В 1819 году в торжественном заседании нашего же Общества любителей российской словесности и в этом же самом зале рассуждалось «о господине Буало и гении Корнеля, сих вечных образцах искусства». Расширяя, однако, число образцов и поприще для русской литературы, ученый, достойный всякого уважения, председатель общества Мерзляков вещал, между прочим, в своей речи таким образом: «Почтенные мужи!.. Птичка научила человека радоваться и воспевать свою радость… Пусть на цветущем поле нашей словесности резвятся в разновидных группах Амуры, Зефиры и Фавны»[5]. Вы улыбаетесь и снисходительно припоминаете, что все это ведь говорилось 61 год тому назад…
И в том же самом 1819 году раздаются в слух русского общества такие, например, стихи 20-летнего Пушкина:
Художник-варвар кистью соннойКартину гения чернитИ свой рисунок беззаконныйНа нем бессмысленно чертит;Но краски новые, с годами,Спадают ветхой чешуей,Созданье гения пред намиВыходит с прежней красотой[6] и пр.
Стихи также написаны 61 год тому назад, но здесь искусство достигло того зенита зрелости и совершенства, с которого никакое уже время не сводит.

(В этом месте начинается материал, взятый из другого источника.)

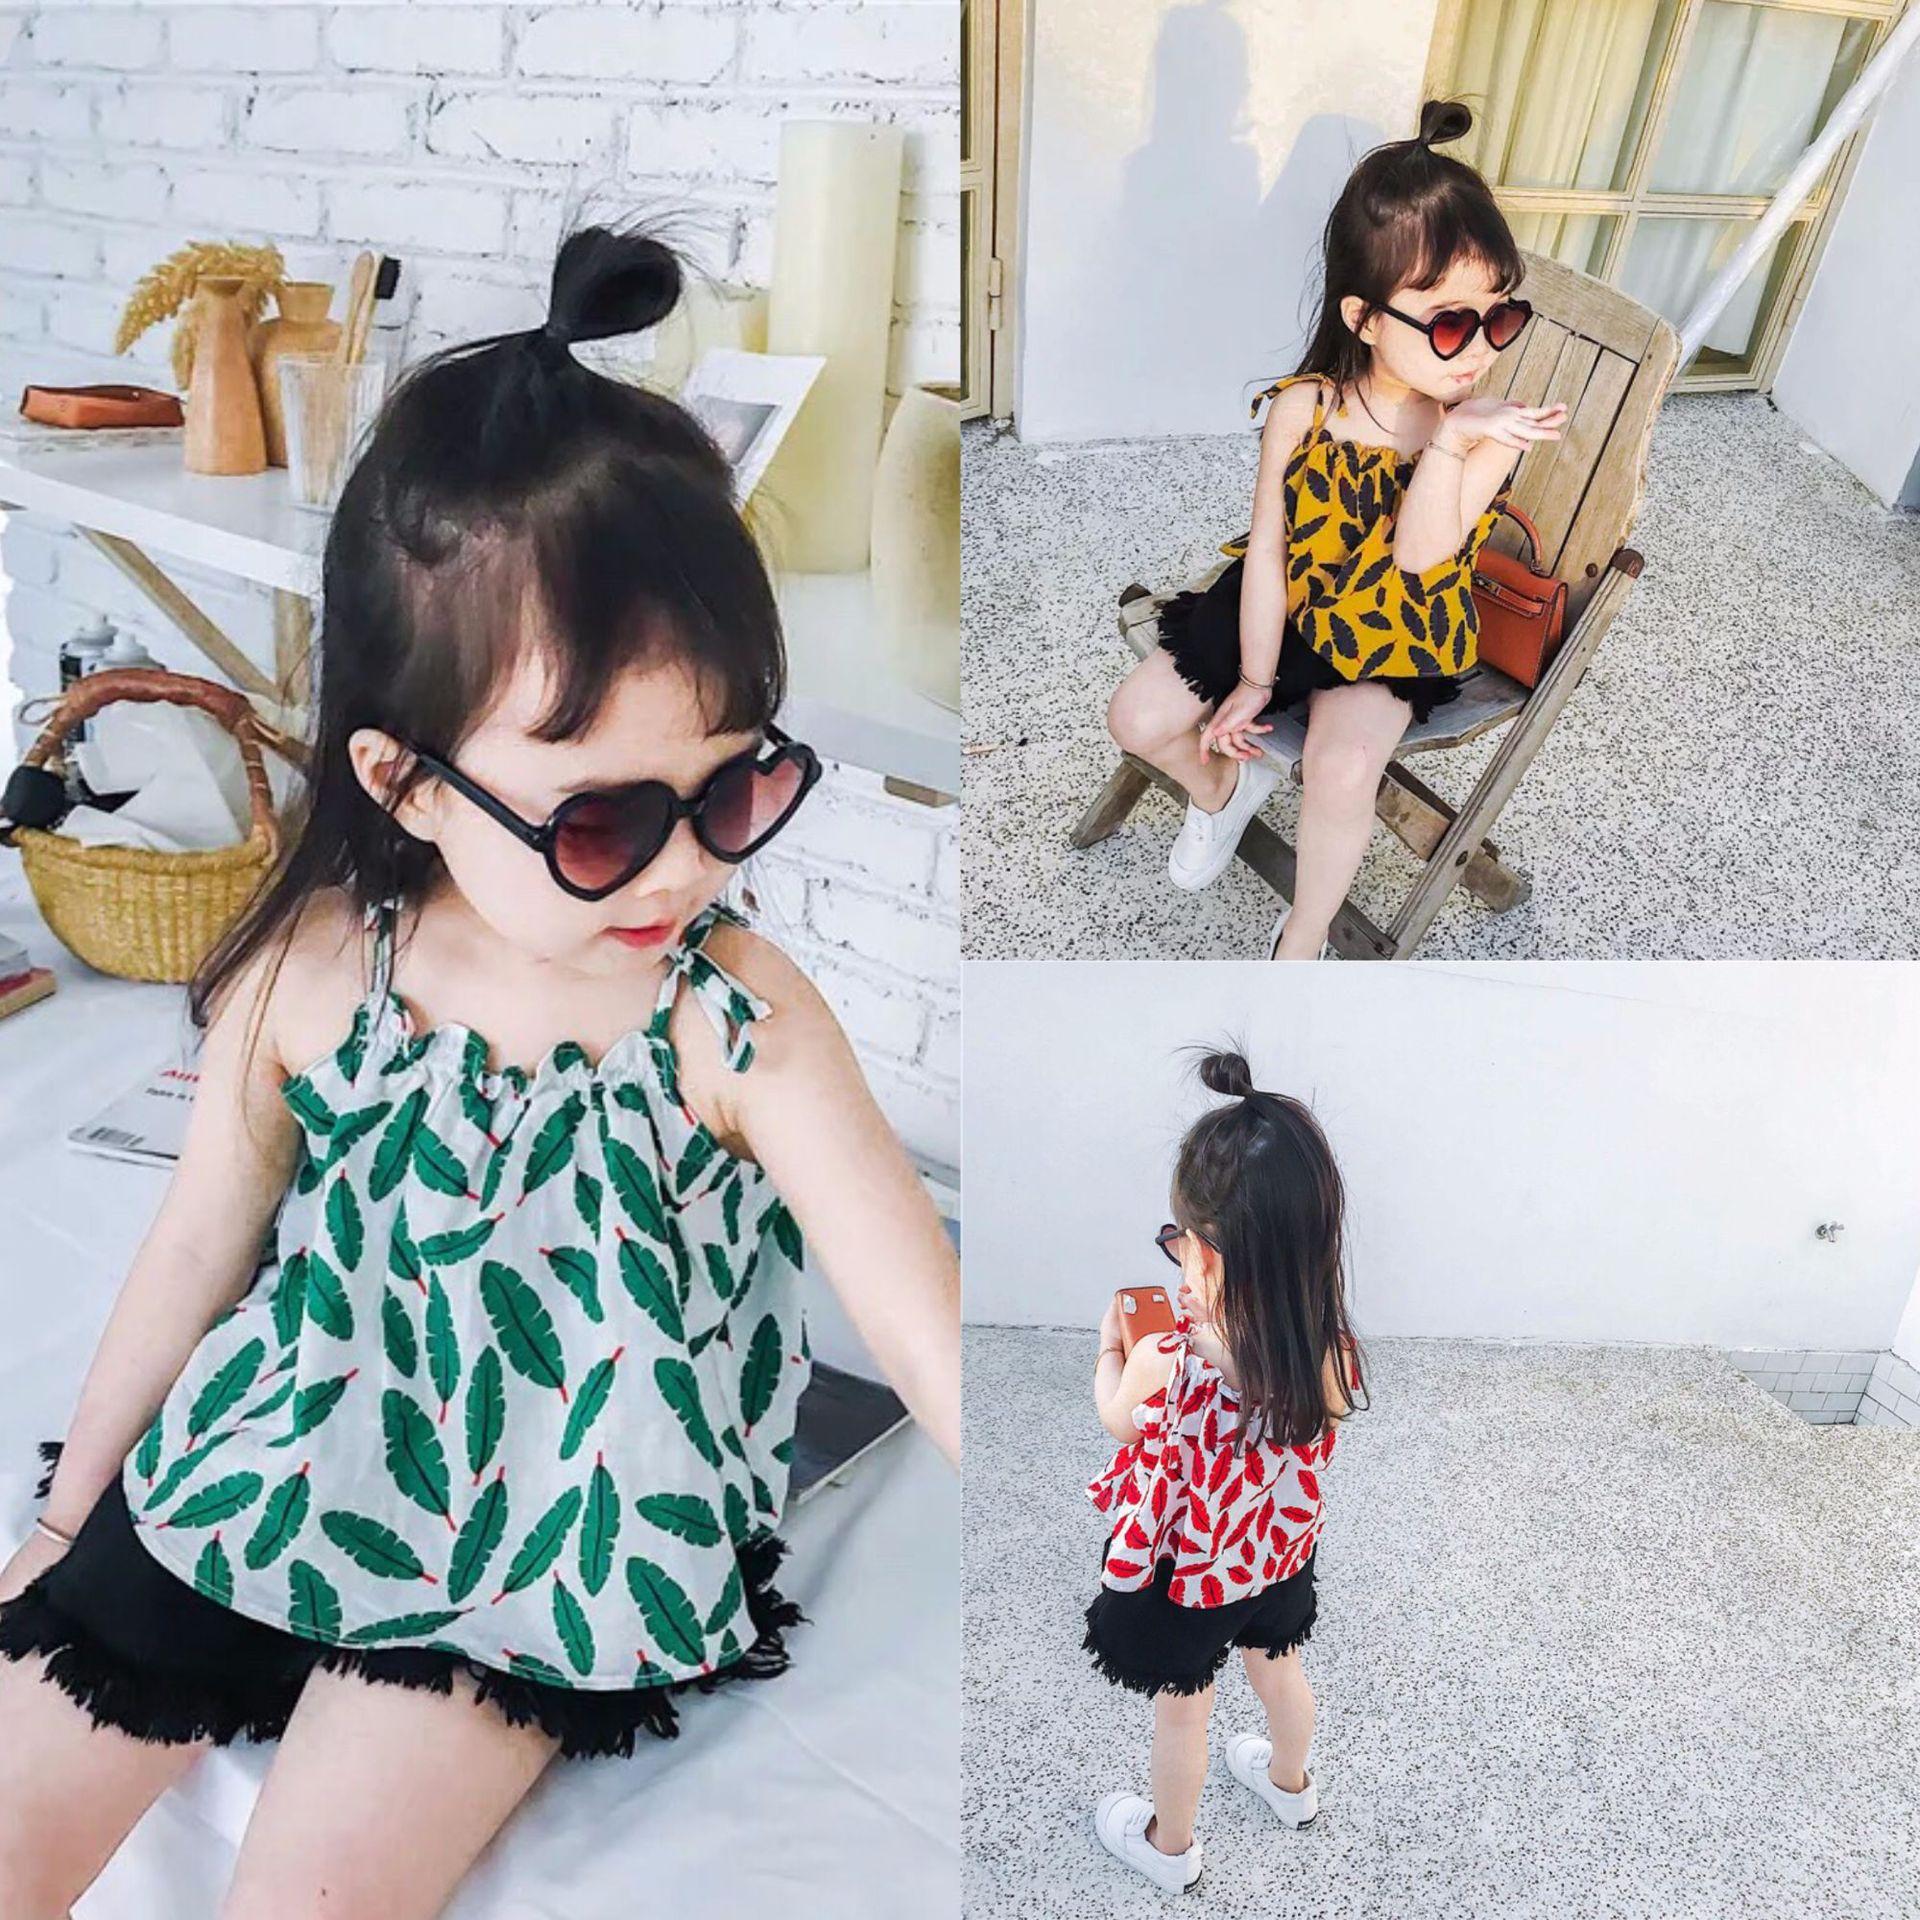 Καλοκαίρι κορίτσια ρούχα καλοκαίρι μίνι εκτύπωση φύλλο φόρεμα ... ddb7e676bfd
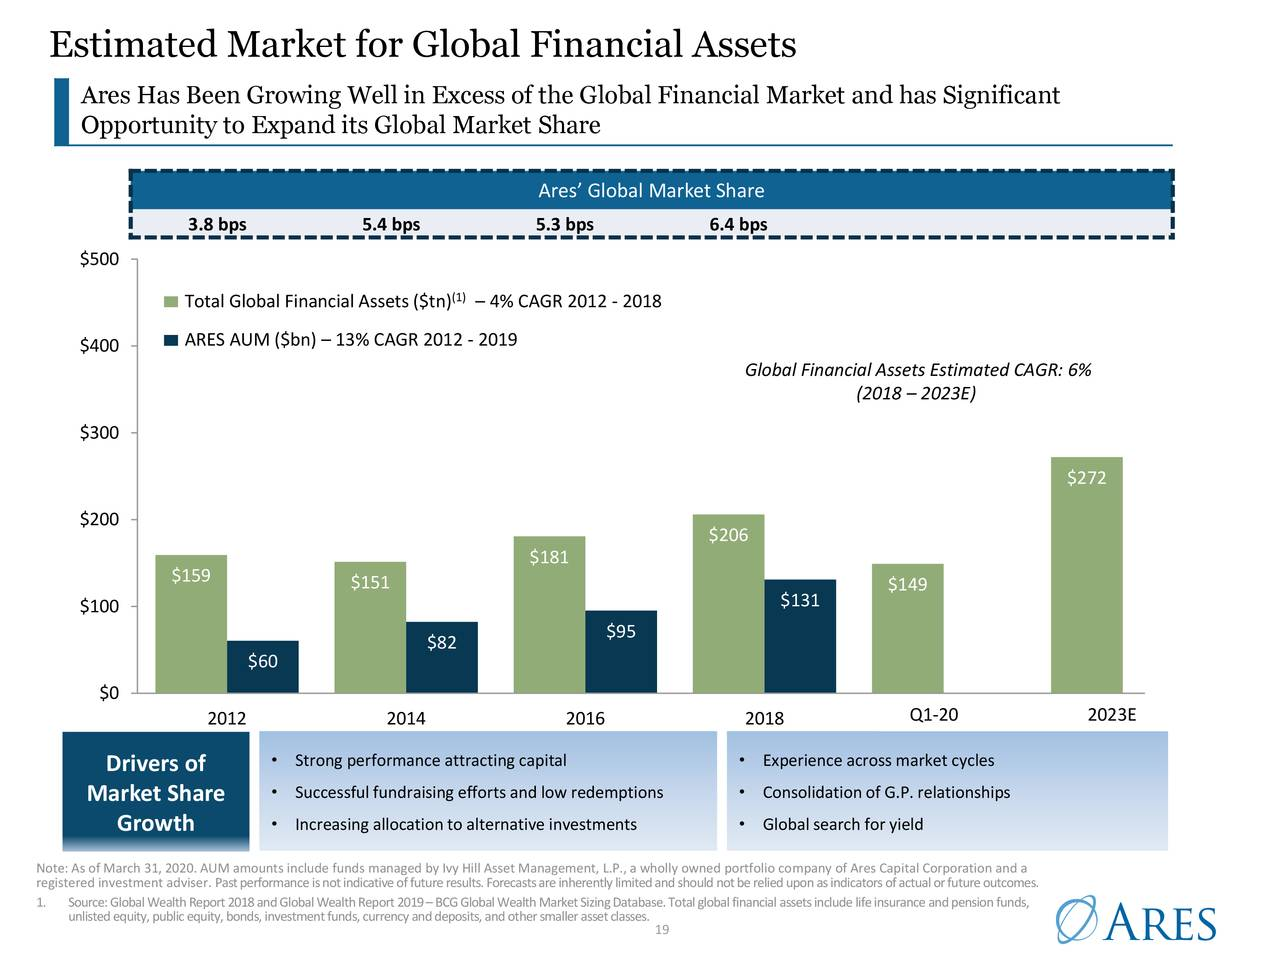 Mercado estimado de activos financieros globales

Точно день, белый день, настал для русского общества с появлением Пушкина. Призраки, обманные очертания ночи отшатнулись, уступив место правде дня с ее простотою и красотою. Творчеству русского духа, по крайней мере в сфере поэзии, возвращена свобода и полноправность. Поэтическое откровение опередило работу нашего народного самосознания и разрешило задачу, – до теоретического разрешения которой мысль и наука только теперь дорастают. Какая богатырская сила таланта нужна была для того, чтобы, подобно подземному ключу, поднять, своротить все эти плотные наслоения лжи и пробиться наружу таким величавым потоком русской поэзии? Но одного свойства силы было здесь недостаточно. Только великий, всесовершенно искренний и цельный мастер-художник, только (говоря поэтической метафорой) жрец чистого искусства, никаких задач вне искусства не знающий, но притом с живой русской душой, мог совершить такой великий исторический общественный подвиг. Пушкин как художник стоит уже не на относительной, а на абсолютной высоте, не подлежа сравнению ни с каким иностранным поэтом, не как «наш Гораций», «наш Парни» или «наш Байрон», а сам по себе, как Пушкин. Правда русской народности могла завоевать себе всемирное гражданство в искусстве только через безусловную в самой себе правду искусства. И именно потому, что Пушкин был служителем чистого, т<о> е<сть> искреннего в себе самом искусства, не обращал поэзию умышленно в орудие разных предвзятых идей и теорий, ни политических, ни социальных, не сузился в доктринера, не ставил себе внешнею целью «пользу», не послушался толпы сторонников грубого утилитаризма, а неуклонно слышал в душе своей иной божественный голос: «не о хлебе едином жив будет человек», – только потому и явился он таким беспредельно полезным общественным деятелем. Да, потому именно и стало велико и бессмертно историческое дело Пушкина, что он мог с полной искренностью и полным правом сказать о себе:
Не для житейского волненья,Не для корысти, не для битв,Мы рождены для вдохновенья,Для звуков сладких и молитв…[7] —
Какой еще «пользы» нужно? Да ведь такие стихи, такие звуки – благодеяние!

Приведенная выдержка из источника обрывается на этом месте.